Il fut alors convenu que le ministre irait d’abord faire sa visite officielle, seul comme il se le proposait, et qu’ensuite les dames verraient ce qu’elles devraient faire d’après la manière dont il aurait été reçu.

Après être restées une heure chez leurs amis, Mrs Wilson et Clara se retirèrent, et Francis les reconduisit à Moseley-Hall.

Le lendemain le docteur annonça que les Jarvis étaient installés dans leur nouvelle demeure, et que le colonel allait beaucoup mieux ; les miss Jarvis étaient aux petits soins avec lui, et ne lui laissaient pas même le temps de former un désir. Le malade était en pleine convalescence ; il n’y avait donc aucune indiscrétion à faire la visite qu’on avait projetée.

M. Jarvis reçut ses hôtes avec la franchise d’un bon cœur ; il ne connaissait pas tous les usages du grand monde, mais il avait cette espèce de rondeur qui supplée souvent à l’éducation. Sa femme, au contraire, n’eût pas voulu enfreindre la règle la plus minutieuse de l’étiquette, et son ton formait un contraste plaisant avec les airs qu’elle se donnait. Les miss Jarvis étaient assez jolies ; mais elles n’avaient point cette aisance, ces manières gracieuses qu’on acquiert dans le monde ; elles semblaient toujours éprouver une sorte de gêne et de contrainte.

Le colonel Egerton reposait sur un sopha, la jambe étendue sur une chaise, et entourée de linges et de compresses. Malgré son état de souffrance, c’était encore le moins embarrassé de la compagnie ; et, après avoir prié les dames d’excuser son déshabillé, il parut oublier son accident pour être tout entier à la conversation.

— Mon fils le capitaine, dit Mrs Jarvis en appuyant d’un air de satisfaction sur le dernier mot, est allé avec ses chiens reconnaître un peu le pays ; car il n’aime que la chasse, et il n’est jamais si heureux que lorsqu’il peut courir les champs le fusil sur l’épaule. En vérité, Milady, les jeunes gens d’aujourd’hui semblent croire qu’ils soient seuls au monde. J’avais prévenu Henry que vous auriez la bonté de venir ce matin avec ces demoiselles, mais bah ! il est parti comme si M. Jarvis n’avait pas le moyen d’acheter un rôti, et qu’il nous fallût attendre après ses cailles et ses faisans.
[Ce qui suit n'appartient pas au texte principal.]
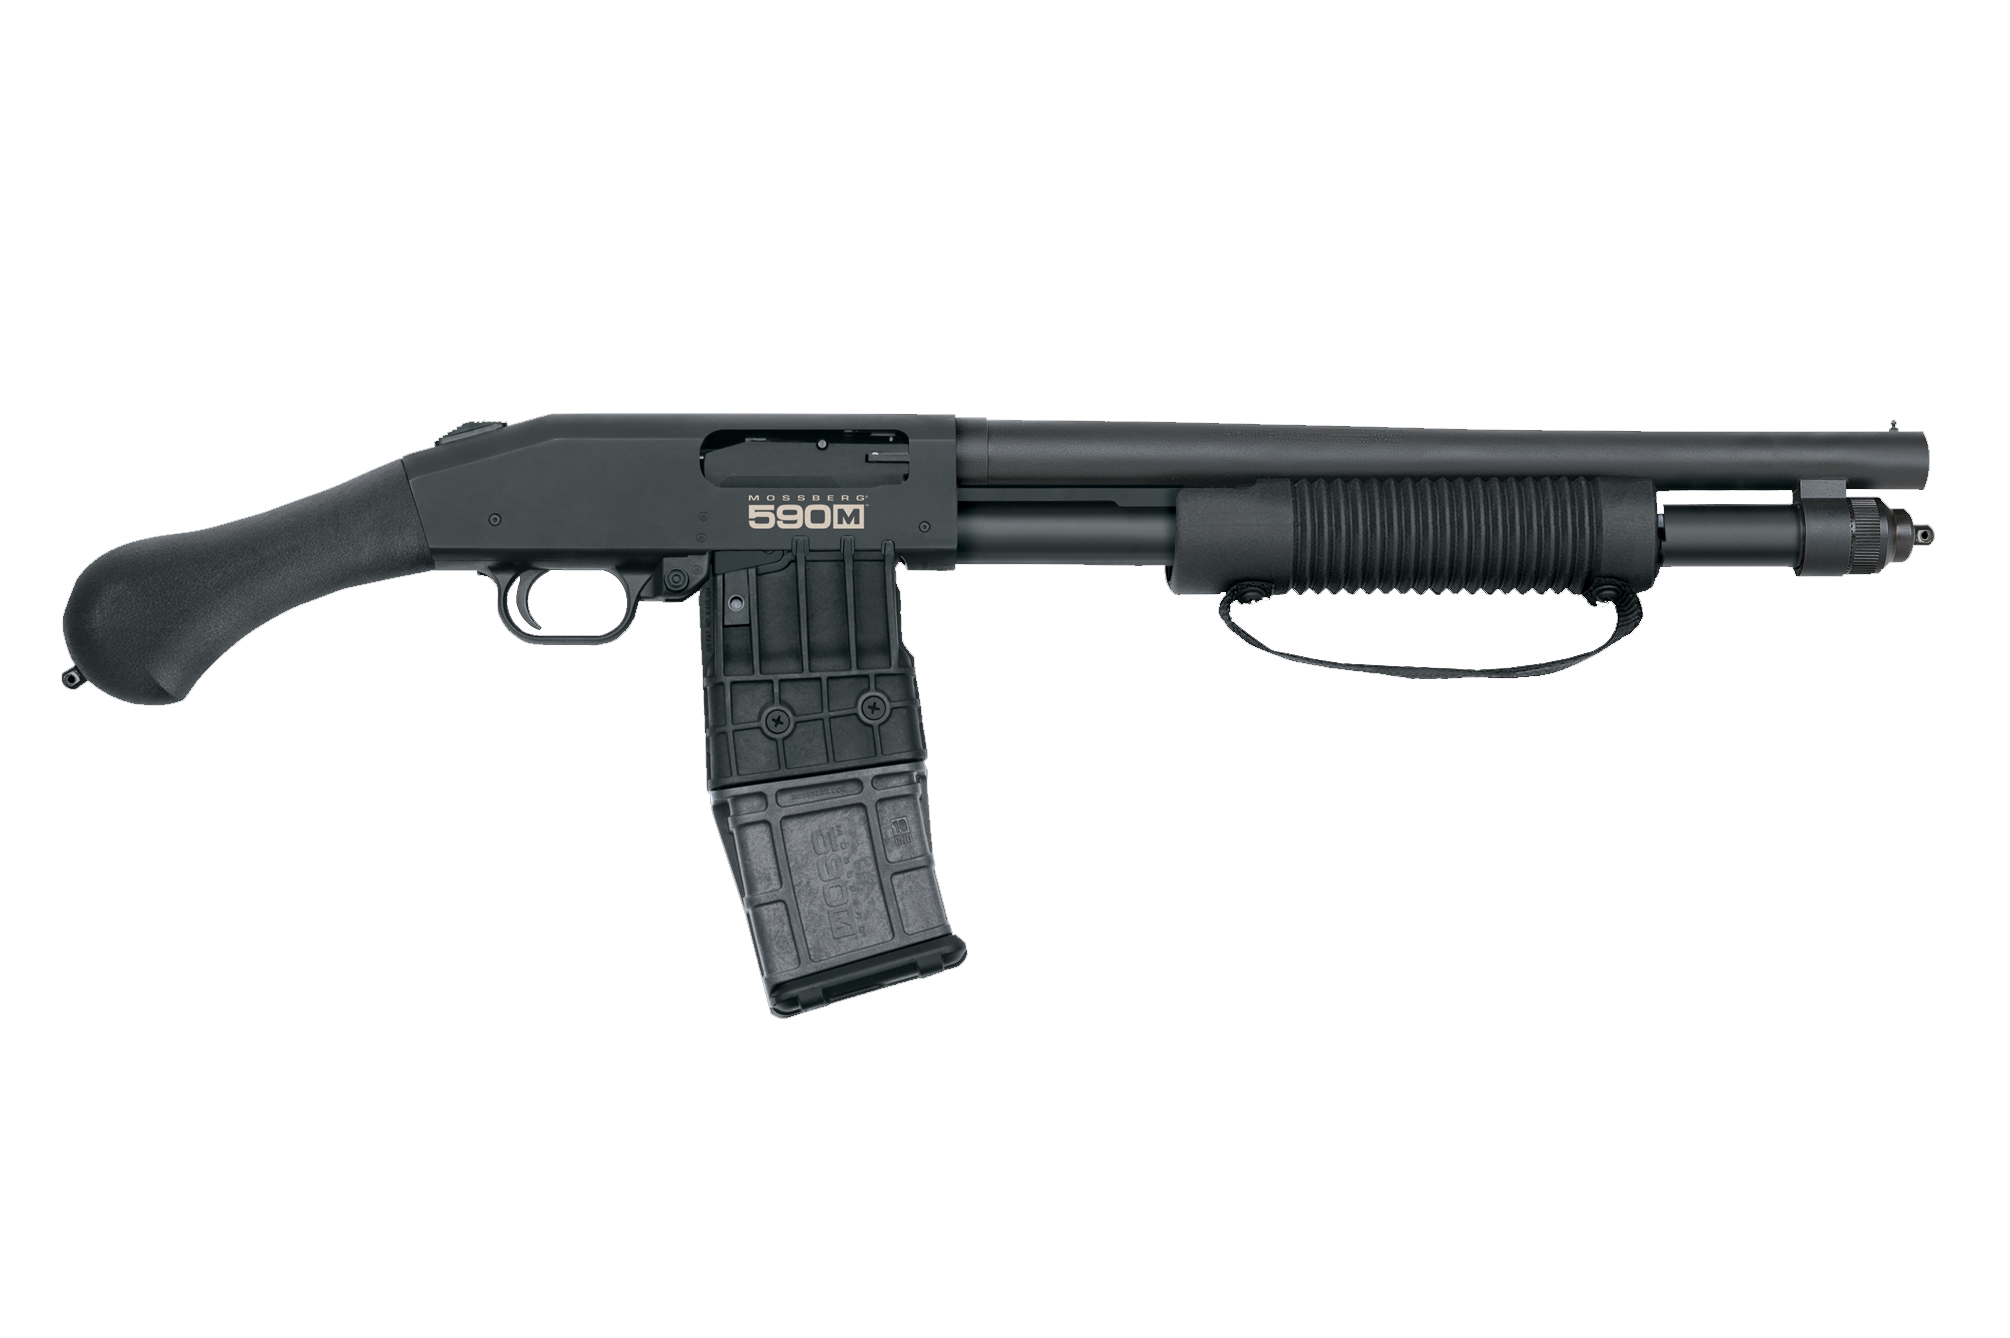 mossberg-introduces-12-gauge-magazine-fed-shockwave-recoil

— Ses cailles et ses faisans ! s’écria John d’un air consterné ; le capitaine Jarvis tire-t-il sur des cailles et des faisans à cette époque de l’année ?
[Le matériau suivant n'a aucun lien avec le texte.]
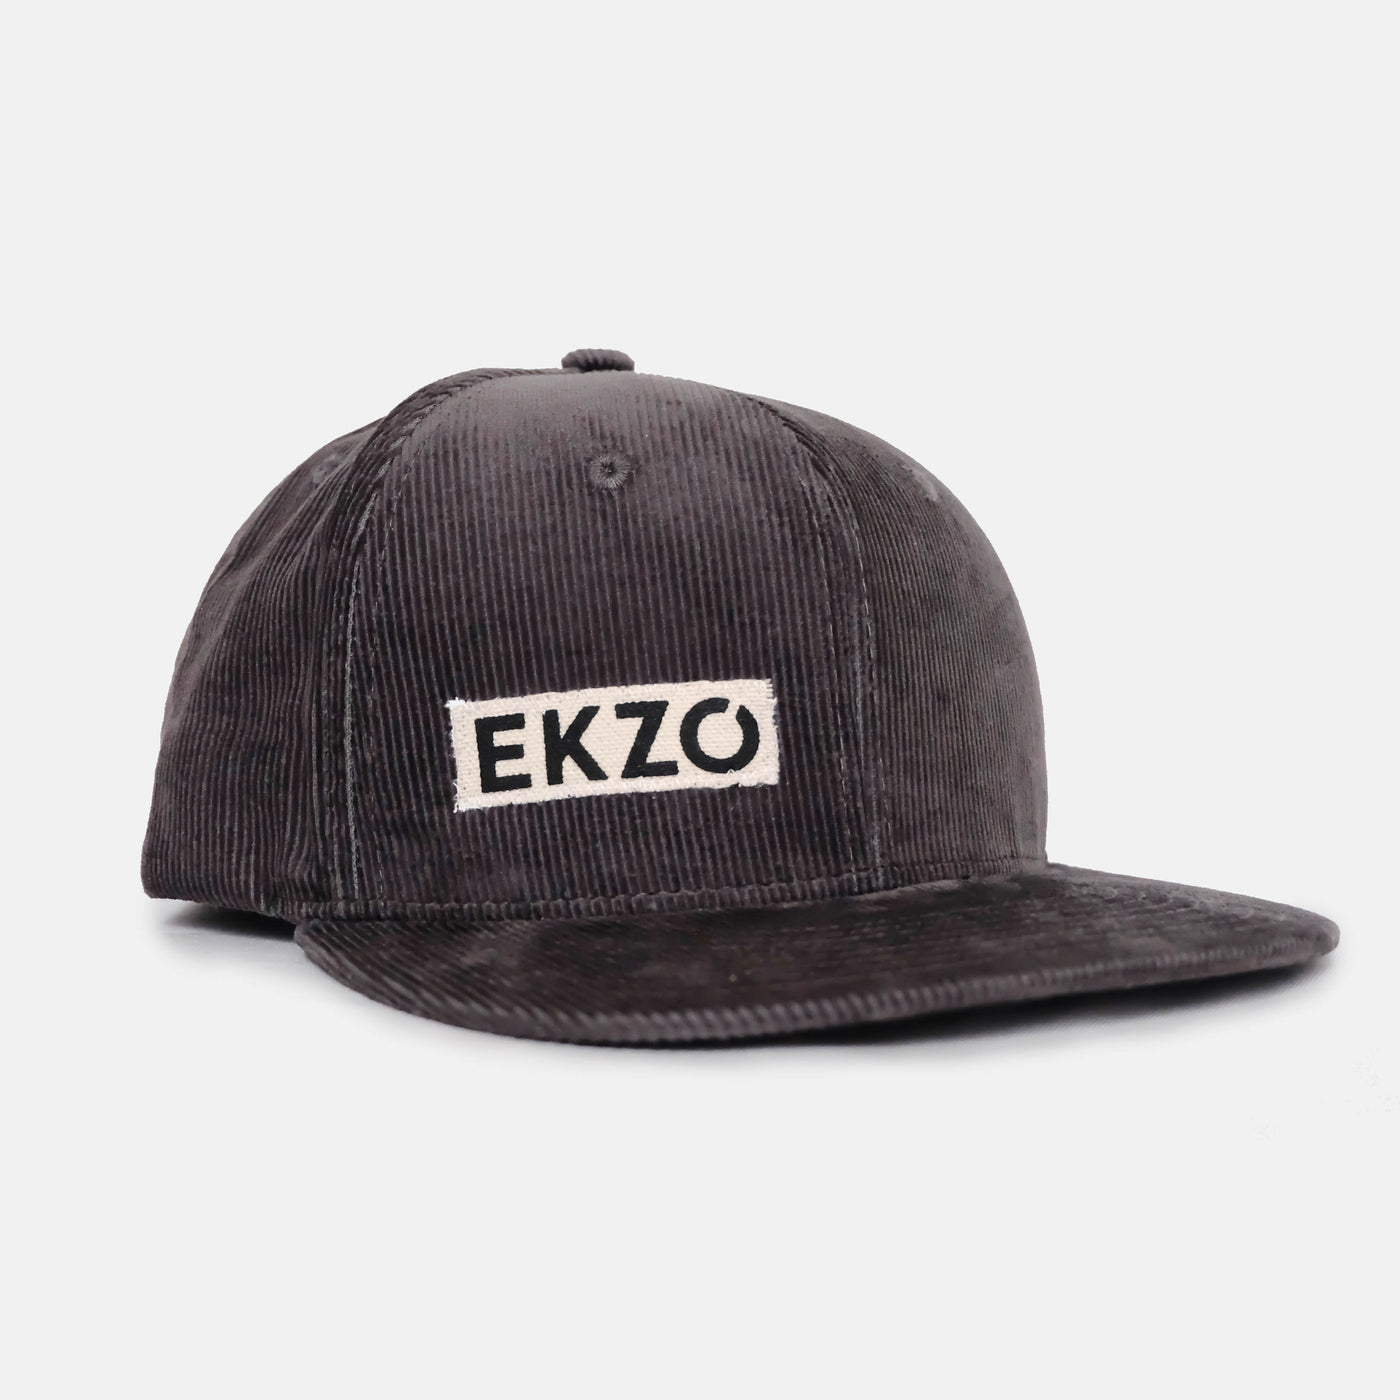 Full Corduroy Hat - Charcoal - EKZO

— Mrs Jarvis, Monsieur, dit le colonel Egerton avec un léger sourire, est plus au fait des égards que tout vrai gentilhomme doit aux dames, que des règles de la chasse. Ce n’est pas, je crois, avec un fusil, Madame, c’est armé d’une ligne que mon ami le capitaine s’est mis en campagne.

— Ligne ou fusil, qu’importe ? s’écria Mrs Jarvis. Il n’est jamais là quand on a besoin de lui ; et ne pouvons-nous pas acheter du poisson aussi bien que du gibier ? Je voudrais bien que pour ces sortes de choses il vous prît pour modèle, colonel.

Le colonel Egerton se mit à rire de bon cœur, et miss Jarvis dit, en jetant de son côté un regard d’admiration, que lorsque Henry aurait été au service aussi longtemps que son noble ami, il connaîtrait sans doute aussi bien les usages de la bonne société.

— Oui, s’écria sa mère, parlez-moi de l’armée pour former un jeune homme. Comme le service vous l’a bientôt façonné ! Et se tournant vers Mrs Wilson : — Votre mari était, je crois, au service, Madame ? ajouta-t-elle.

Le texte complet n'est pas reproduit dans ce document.